Confederate Colonel William Harman was killed in action; surrounded by five Federal troopers, Harman refused their entreaties to surrender and was killed. Dr. Hunter McGuire of Early's staff was captured after he was dismounted while attempting to jump his horse over a rail fence; a Federal trooper was preparing to gun McGuire down when the doctor gave the Masonic sign of distress, which was recognized by a Union officer who intervened on McGuire's behalf and ordered the doctor not to be harmed, though he was taken prisoner.

Early himself, along with some of his staff, managed to escape. His entire army was captured or scattered across the countryside, never again to form an effective fighting force.

==Aftermath==
Custer's men pursued the routed Confederates for a dozen miles before darkness brought an end to their pursuit. Union officers would claim the capture of between 1,000 and 1,800 men, 11 to 14 cannon, 150 to 200 wagons, and 16 stands of colors (including a recaptured Union flag).

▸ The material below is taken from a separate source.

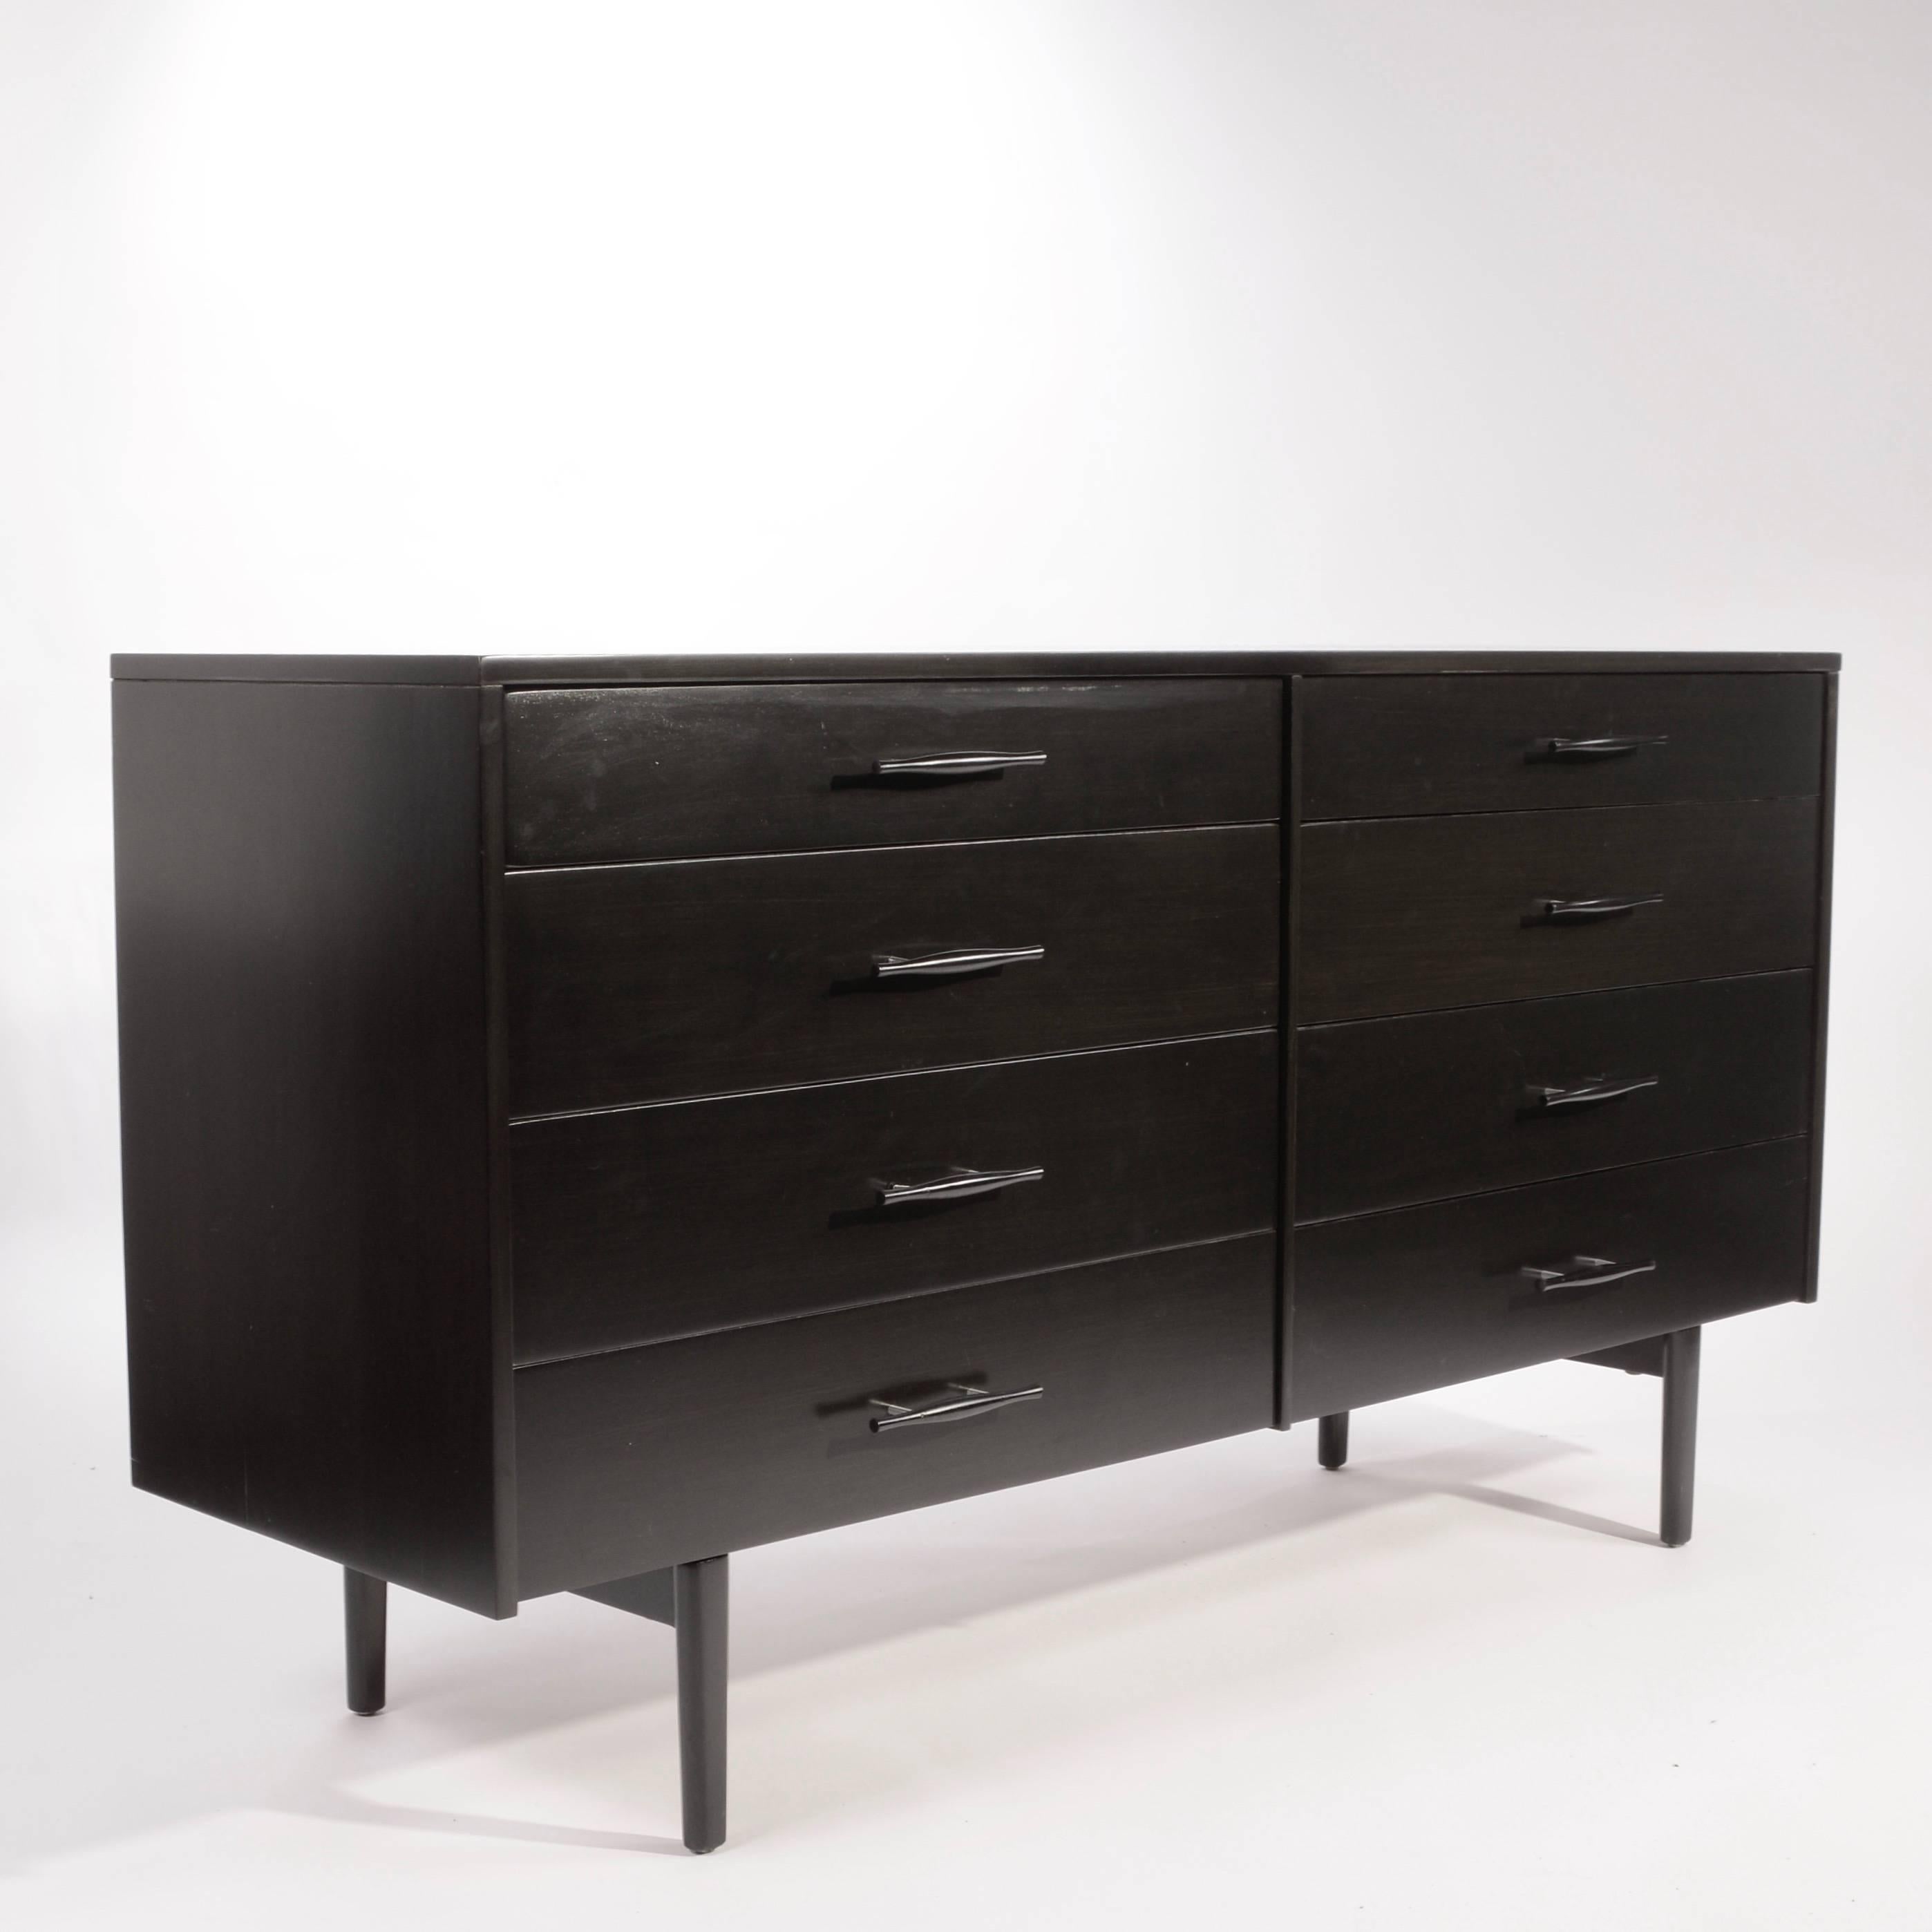 American Paul Mccobb for Planner Group Eight-Drawer Dresser in Ebonized Maple

Despite Early's rebuking of the claims, evidence (including 15 Medal of Honor citations for capture of flags at Waynesboro) suggests that Union claims were very close to the truth. Regardless of the exact figures, all sources agree that Early lost all of his artillery, wagons, and ambulances, and his infantry was too shattered to form an effective fighting force for the rest of the war. Custer placed his own losses at a mere 9 men killed and wounded.

Sheridan crossed the Blue Ridge Mountains to Charlottesville and then raided south, destroying the James River Canal locks near Goochland Court House. He joined forces with the Army of the Potomac near Petersburg on March 26 for the opening of the Appomattox Campaign. Early never received another field assignment for the rest of the war.

Captain Christopher C. Bruton of the 22nd New York Cavalry later received the Medal of Honor for the capture of Early's headquarters flag during the battle.

Second Lieutenant Andrew Kuder of Company G, 8th New York Cavalry also received the Medal of Honor for extraordinary heroism and the capture of the flag.